Data type difference
There are several differences in data types between MatrixOne and the ones provided by PostgreSQL. Some differences can be replaced using alternative types, while others might not be supported temporarily. Additionally, PostgreSQL supports a three-tier logical structure: Database - Schema - Table. This means you can create multiple schemas within a single database containing multiple tables. This hierarchical structure allows for better organization and data management. On the other hand, MatrixOne follows a two-tier logical structure: Database - Table.

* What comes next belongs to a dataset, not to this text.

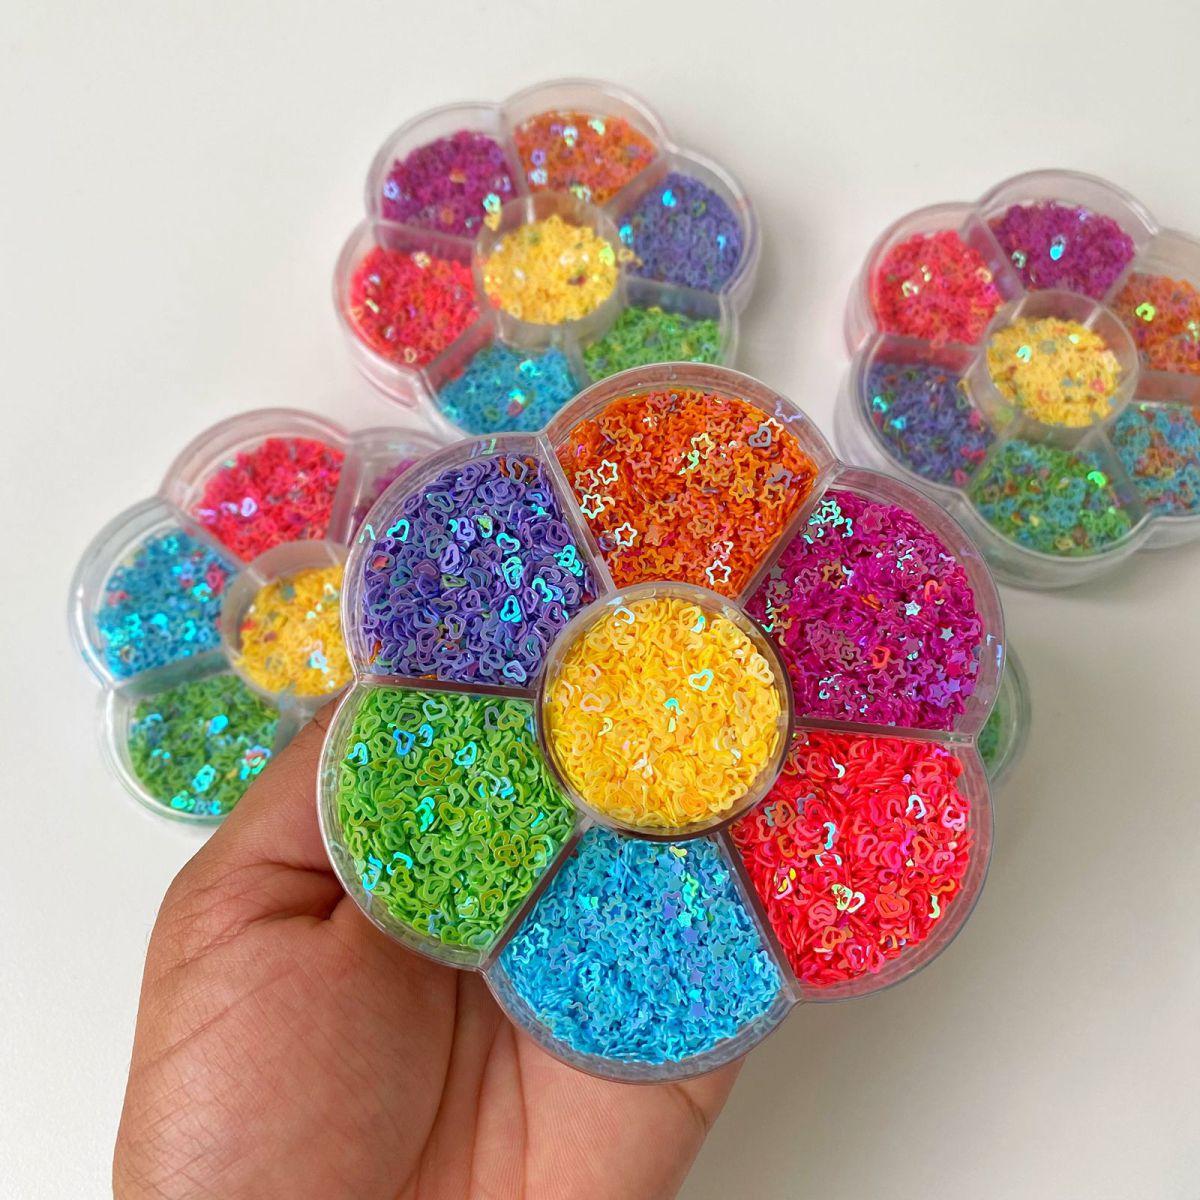 Flor de Glitter Brocal 7 Cores e Formatos Sprinkle Slime | Importado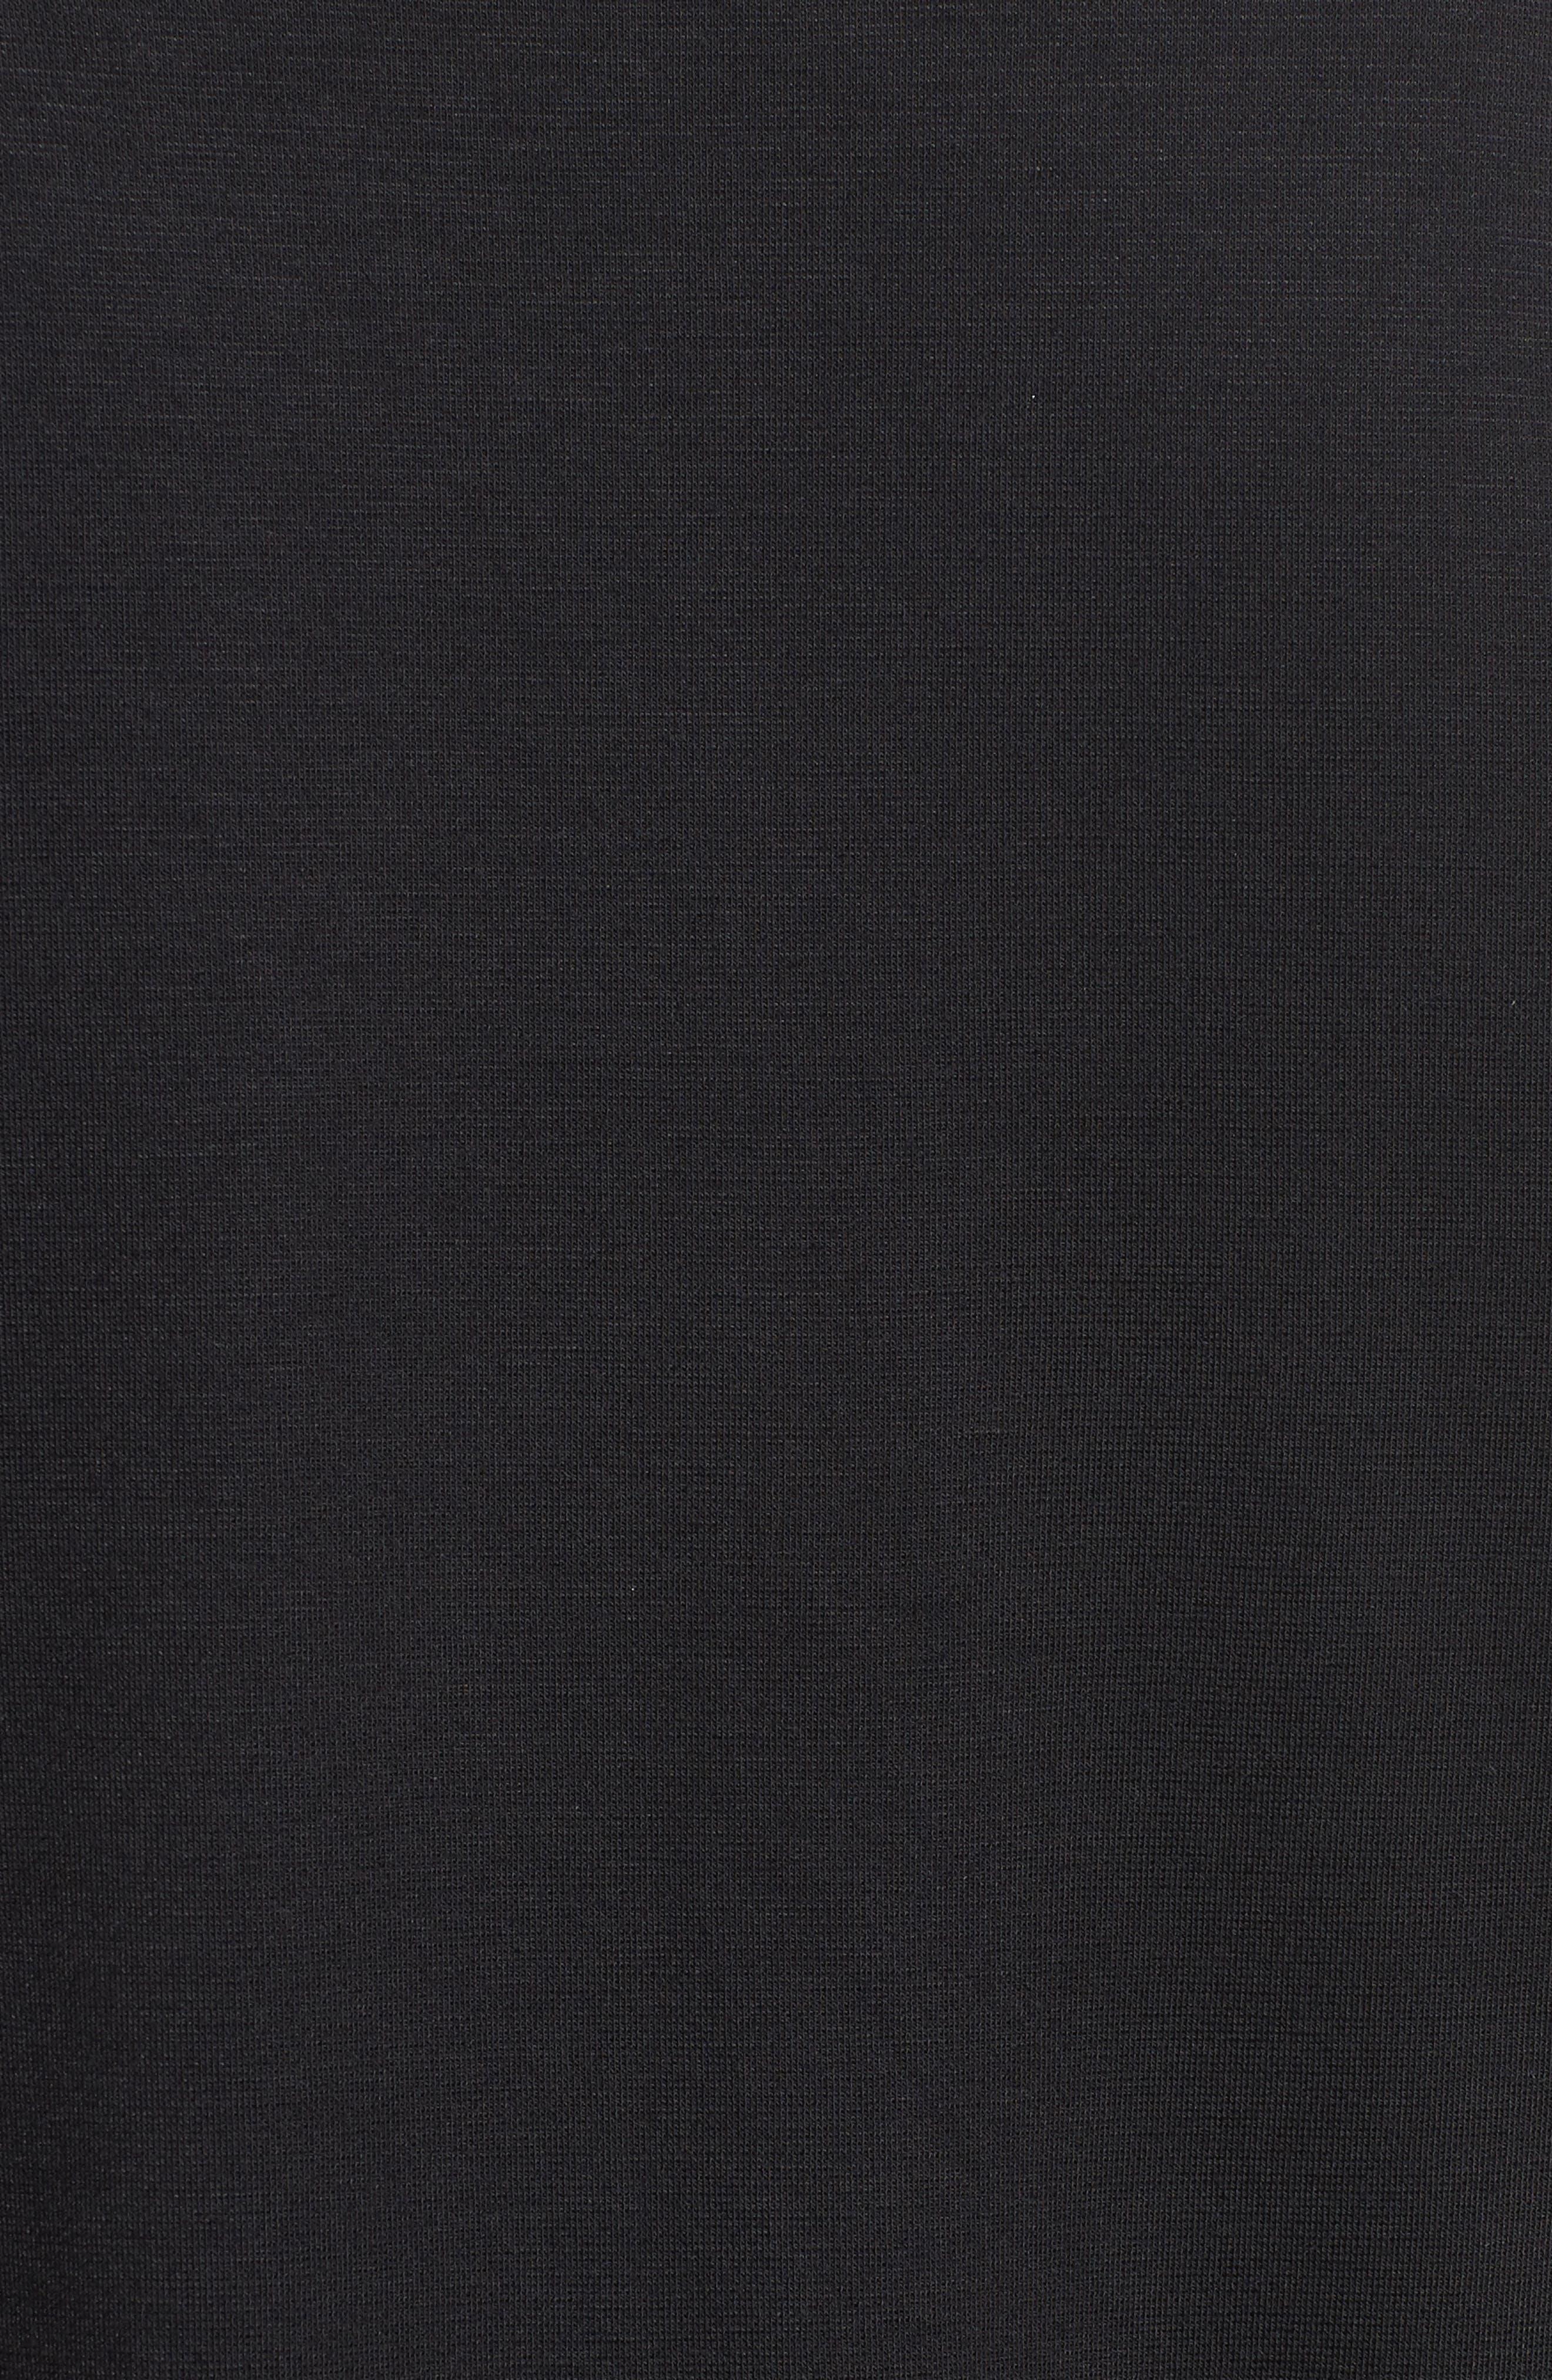 Bell Sleeve Handkerchief Ruffle Top,                             Alternate thumbnail 5, color,                             001

In MatrixOne, tables are directly created within the database, resulting in some differences during the migration process.
The specific list is as follows:
PostgreSQL | MatrixOne |
---|---|
serial | replaced by auto-incrementing columns |
money | replace with decimal |
bytea | replace with binary or varbinary |
geometric | Not supported yet |
network adress | replace with char or varchar |
bit string | Not supported yet |
text search | Not supported yet |
xml | Not supported yet |
array | Not supported yet |
composite | Not supported yet |
range | Not supported yet |
domain | Not supported yet |
object identifier | Not supported yet |
pg_lsn | Not supported yet |
pseudo | Not supported yet |
Online Migration
This chapter will guide you to use third-party tools - DBeaver to migrate data from PostgreSQL to MatrixOne.
Through DBeaver, the source data is obtained in batches, and then the data is inserted into the target database as INSERT
. If an error is reported during the migration process that the heap space is insufficient, please try to adjust the size of each batch of fetched and inserted data.
-
Applicable scenarios: scenarios where the amount of data is small (recommended less than 1GB), and the migration speed is not sensitive.
-
The recommended configuration of the springboard machine where DBeaver is installed: RAM 16GB or more.
Preparation
- Springboard machine with a graphical interface: it can connect to the source of Oracle and the target of MatrixOne.
- Data Migration Tool: Download DBeaver on the springboard machine.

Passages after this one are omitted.